Ethnographic sources from the 19th century make no mention of such accounts, so Podlaha did not rely on texts by ethnologists, but on colloquial knowledge, based on what was believed in the Czech province in the 19th century. According to Łuczyński, this is to be proved by the participle no longer, which suggests that the belief of growing out of the ground like a mushroom circulated among some of his parishioners until recently.

An East Slavic attestation of this myth can be found in an excerpt from the novel Proty syly ne popresh; z chym rodyvsya, z tym i vmresh, by the 19th century Ukrainian writer Anatoly Svydnytsky. Excerpt:

– I'm the one, you say, who grew out of the ground like a mushroom, and you have a mother hmmm! – mother... And do the rest of the boys have a mother? – They have one too – replied the boy.
[...]
So he did, and believed that the pany grow out of the ground like mushrooms, but the people do not – they have some mother beforehand. And she takes them somewhere, so that the pany have someone to serve them.

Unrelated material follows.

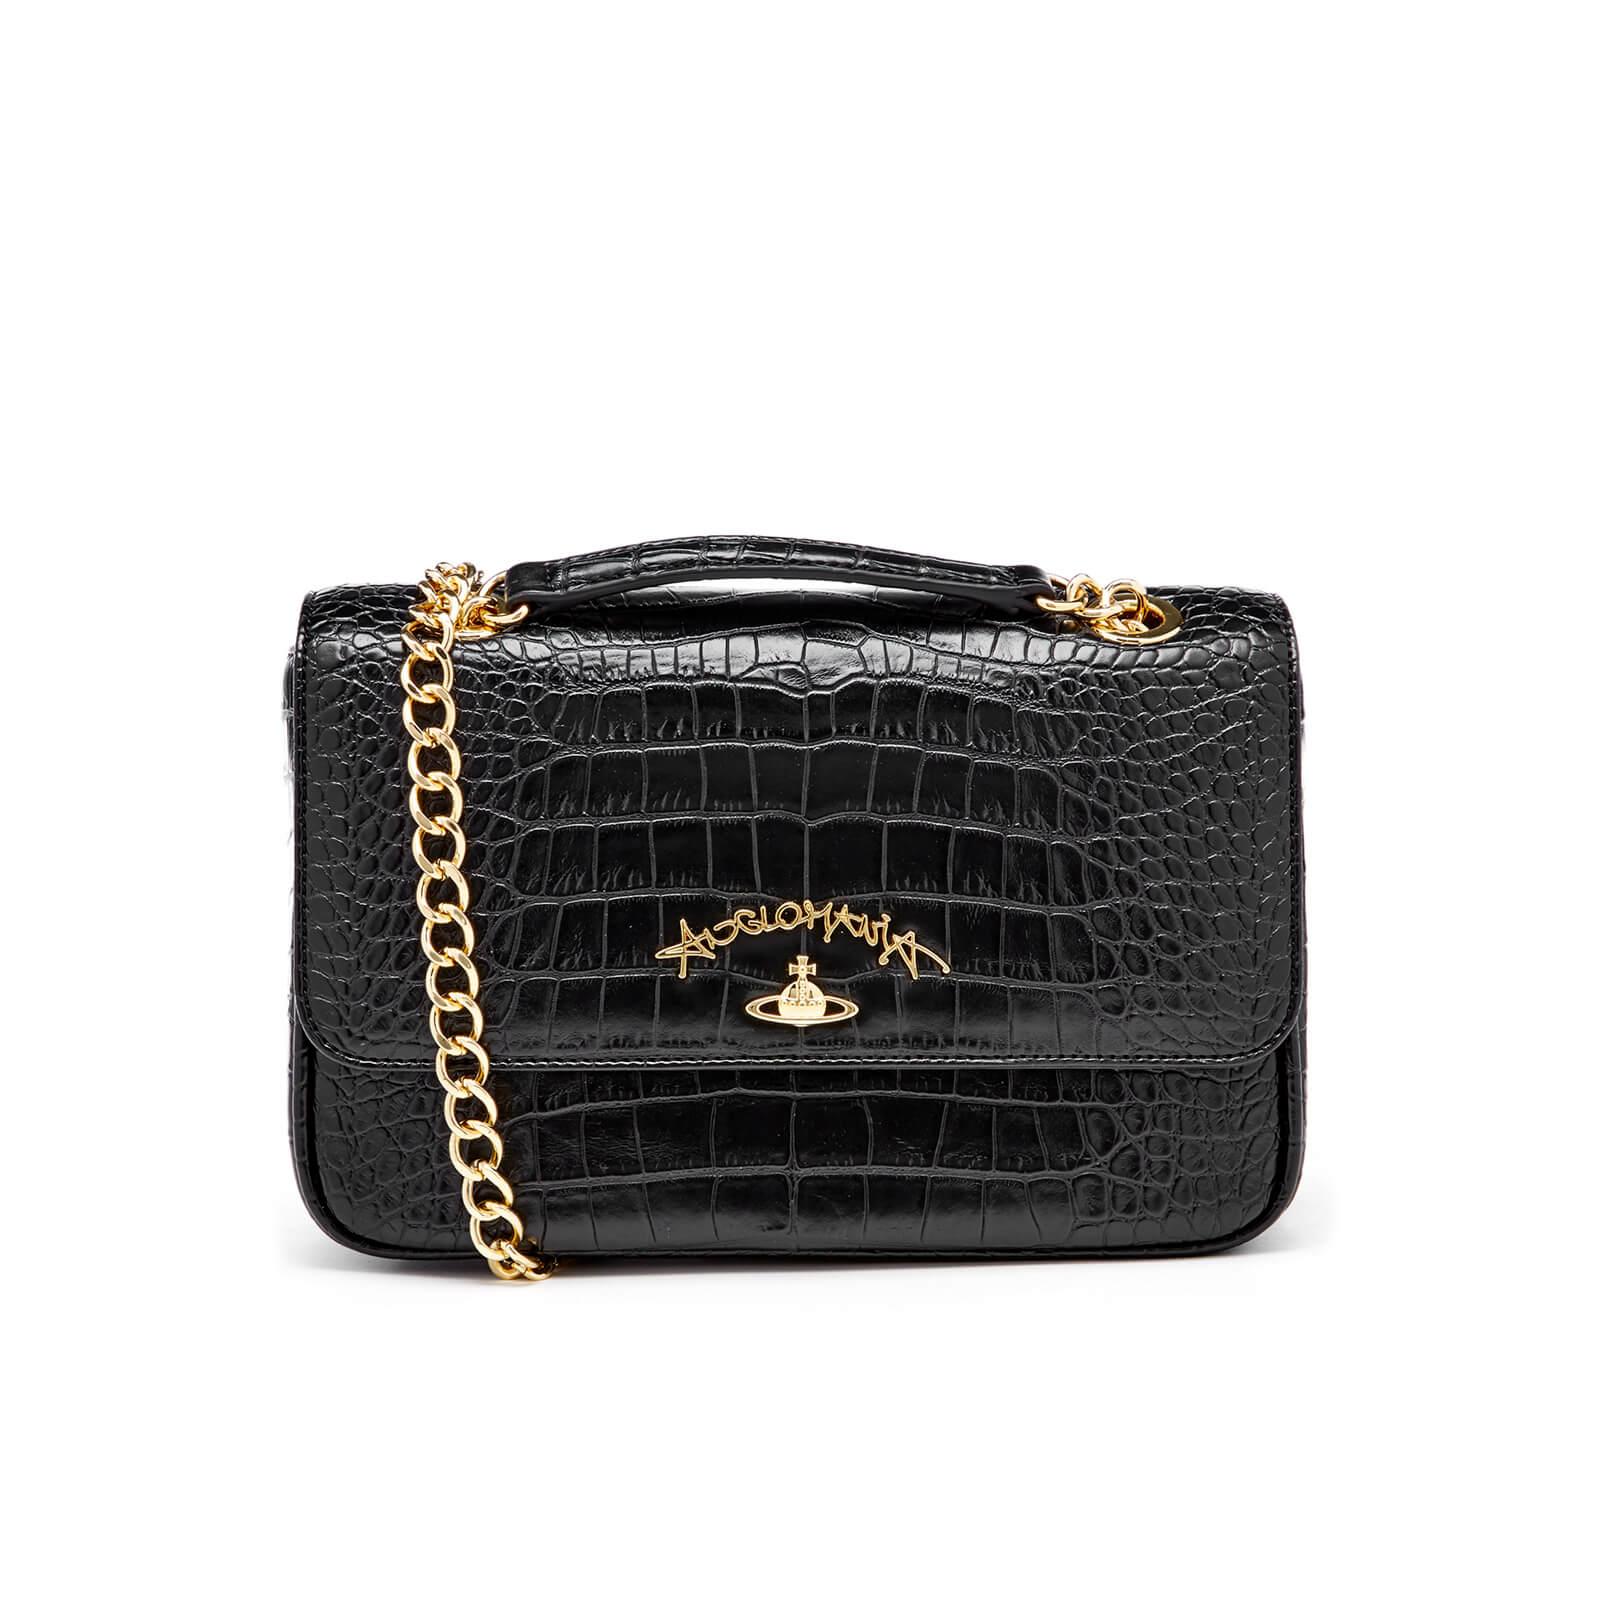 920c00fdfc Vivienne Westwood Women's Anglomania Dorset Croc Shoulder Bag - Black -  Free UK Delivery over £50

Although this myth appears in literary fiction, it is of folk origin; Svydnytsky, in addition to being a writer, was also a folklorist and probably refers to an unknown folk tradition. According to Michał Łuczyński, the word pany here refers to Poles, and the text may be ridiculing, humorous or ironic, and depicts Poles as orphans, i.e., people without mothers, implying their inferior origin.

A possible Belarusian attestation is the legend of the origin of the Belarusians recorded in Latvia: "And the woods, and the grasses, and the animals, and the fish, and then there appeared also a man: did he come from somewhere, or did he grow up here". (Note: Original: І лясы, і травы, і звяры, і рыбы, а пасля чалавек завёўся: ці ён прыйшоў адкуль ці вырас тутака.)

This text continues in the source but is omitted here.